A variation on Alton Brown's highly-regarded Shepherd's Pie recipe, substituting ground beef for lamb. You will find the original recipe here: http://www.foodnetwork.com/recipes/alton-brown/shepherds-pie-recipe2/index.html This is my to-try selection for the week of January 2, 2012.

Provided by Cranky Ex-Chef

Categories     Meat

Time 1h30m

Yield 8 serving(s)

Number Of Ingredients 20

1 1/2 lbs potatoes
1/4 cup heavy cream
2 ounces butter, unsalted
3/4 teaspoon salt, kosher
1/4 teaspoon ground black pepper
1 egg yolk
2 tablespoons oil
1 cup onion, chopped
2 carrots, peeled and diced small
2 garlic cloves, mashed
2 lbs lean ground beef
1 teaspoon salt, kosher
1/2 teaspoon ground black pepper
2 tablespoons all-purpose flour
2 teaspoons tomato paste
1 cup chicken broth
1 teaspoon Worcestershire sauce
2 teaspoons fresh thyme, chopped
1/2 cup frozen corn kernels
1/2 cup frozen peas

Steps:

  • Make the Mashed Potatoes:.
  • Peel the potatoes and cut into a large dice. Place in pot and cover with cold water. Bring to a boil over medium-high heat and then reduce heat to a simmer, cooking the potatoes until a fork inserted in a potato dice causes it to break apart. Drain the potatoes and then return to the pot, adding the cream and butter. Mash the potatoes until smooth then season with the salt and pepper. Add the egg yolk, stirring until well combined. Set the mashed potatoes aside.
  • Make the Meat Filling.
  • (If you are a confident kitchen multi-tasker, you can prepare the meat filling while the potatoes are cooking to decrease the total prep time on the meal).
  • Preheat the oven to 400 degrees F.
  • Heat a large saute pan or dutch oven (for a one-pot meal) over medium-high heat. Add the oil, allow it to heat for a moment then add the onion and carrots. Saute the veggies about four minutes, or until the onions just begin to brown. Stir in the crushed garlic, then crumble in the ground beef and stir to brown.

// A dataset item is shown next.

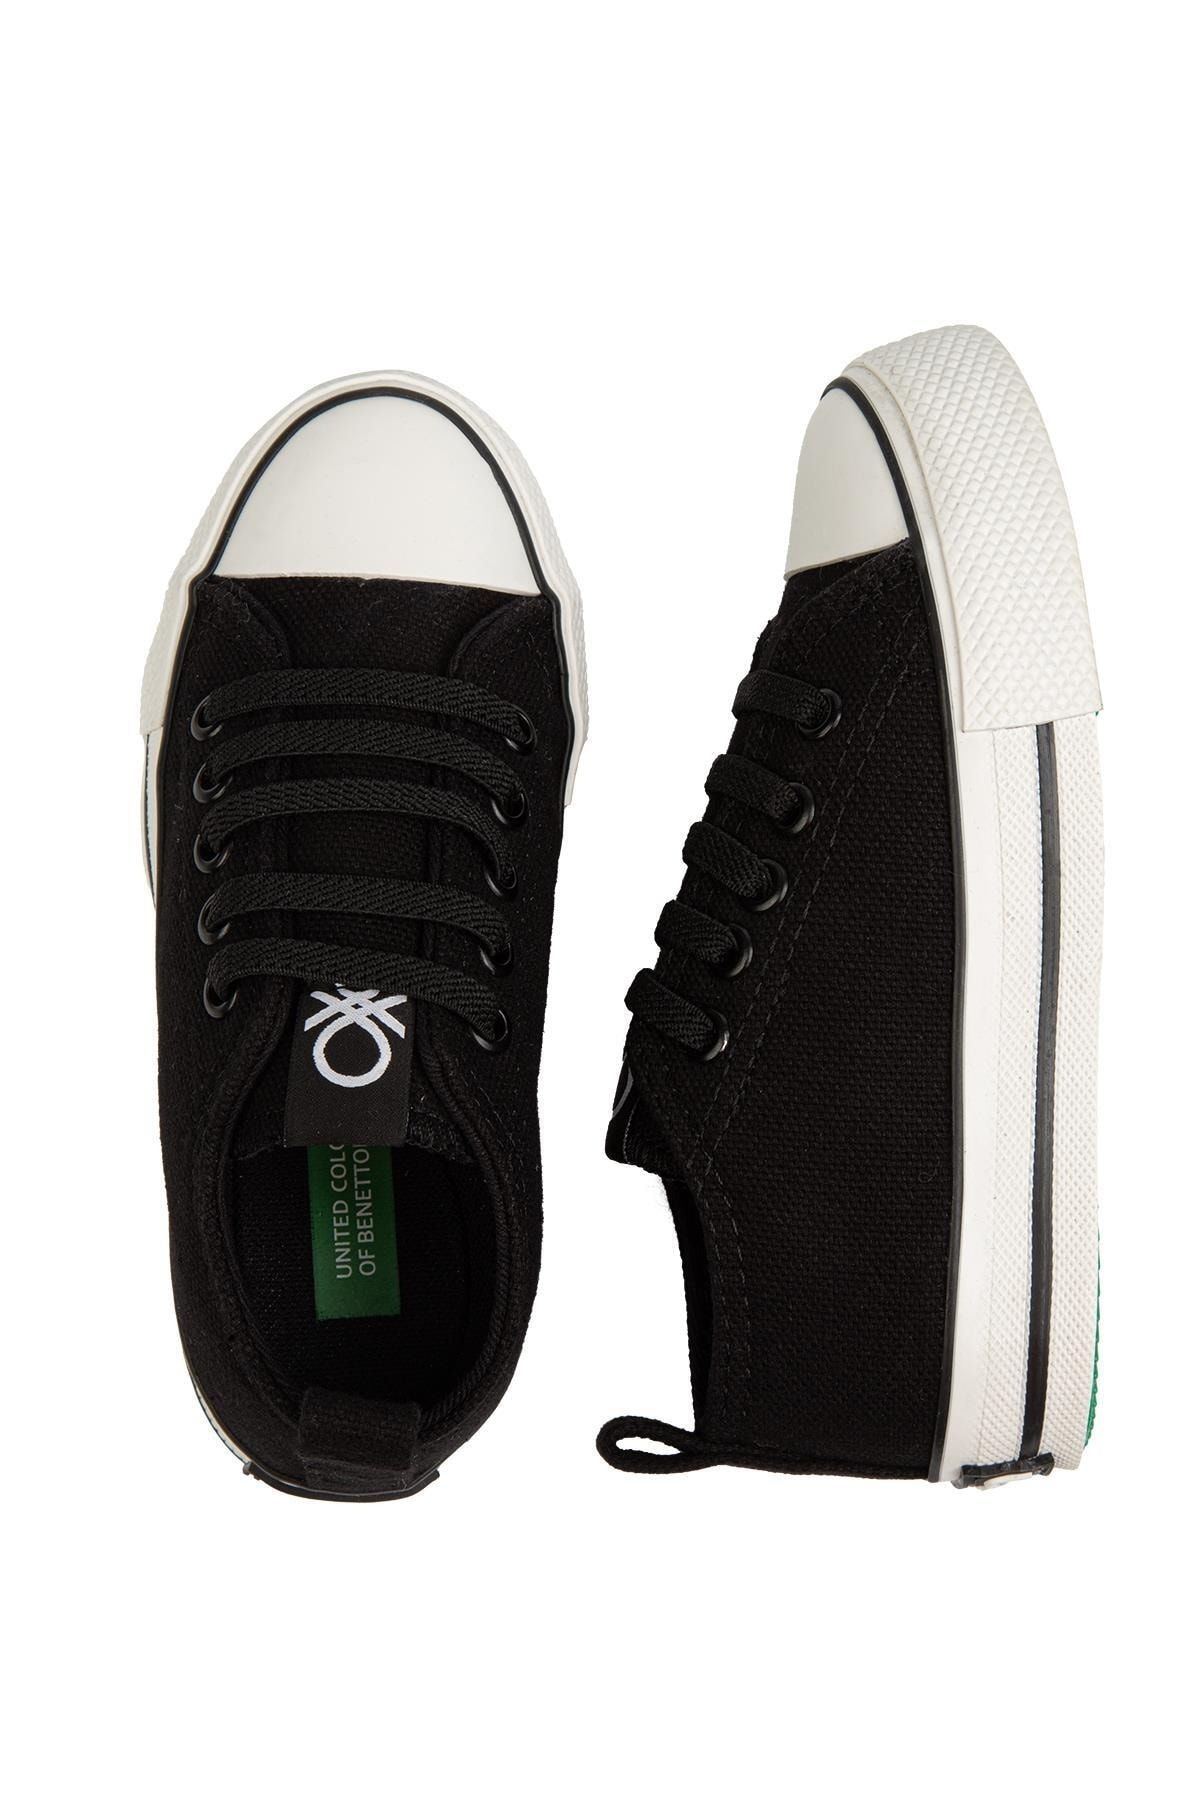 Benetton ® | Bn-30771 - Siyah - Çocuk Spor Ayakkabı
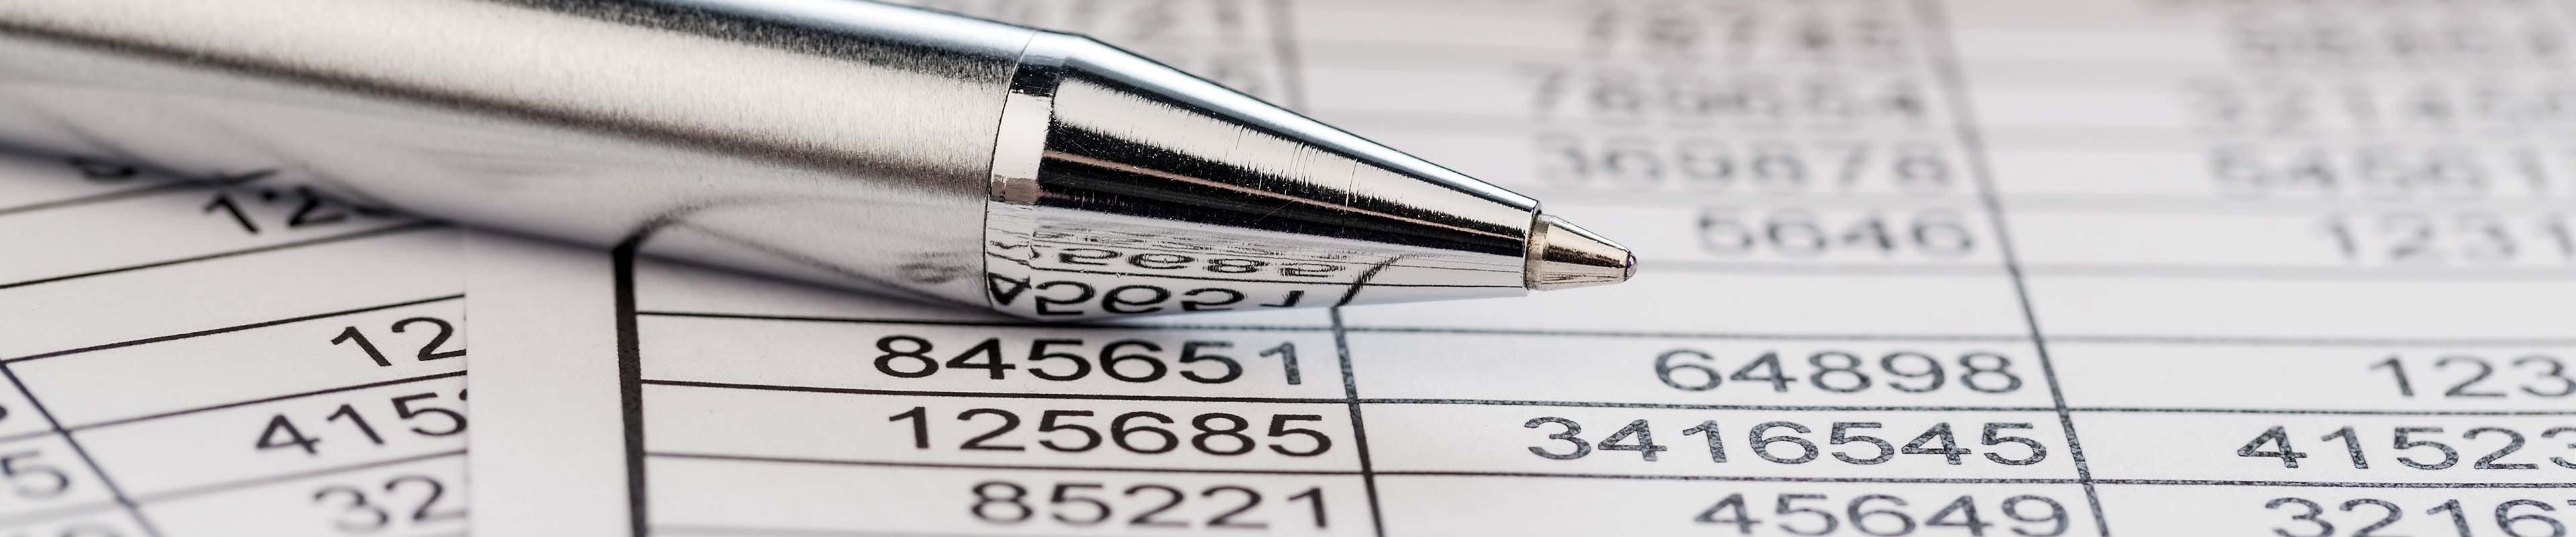 Image of a silver pen atop a spreadsheet.

Cook the meat 3-5 minutes, or until the beef is cooked through. Season with the salt and pepper, then sprinkle on the flour, tossing to coat the meat. Cook the floured meat for another minute. Stir in the tomato paste, chicken broth, Worcestershire sauce, and thyme. Allow the mix to come to a boil, stirring to keep the mixture from sticking to the bottom of the pot. Reduce the heat and simmer until the sauce thickens slightly.
  • If you prepared the meat in a dutch oven or similar casserole you may leave the meat mixture in that dish and continue with the recipe. Otherwise, to bake the dish in a casserole pan spread the meat mixture evenly into an 11" by 7" glass baking dish. The glass baking dish is prone to boil-overs so set it on a foil- or parchment-lined cookie sheet when baking.
  • Spread the peas and corn on top of the meat mixture then gently top with the mashed potatoes, starting at the edges and smoothing the potatoes towards the middle of the dish with an offset metal or rubber spatula.
  • Place the casserole on a rack in the middle of the oven and backe for 25 minutes, or until the potatoes begin to brown. Remove to a cooling rack for 15 minutes before serving.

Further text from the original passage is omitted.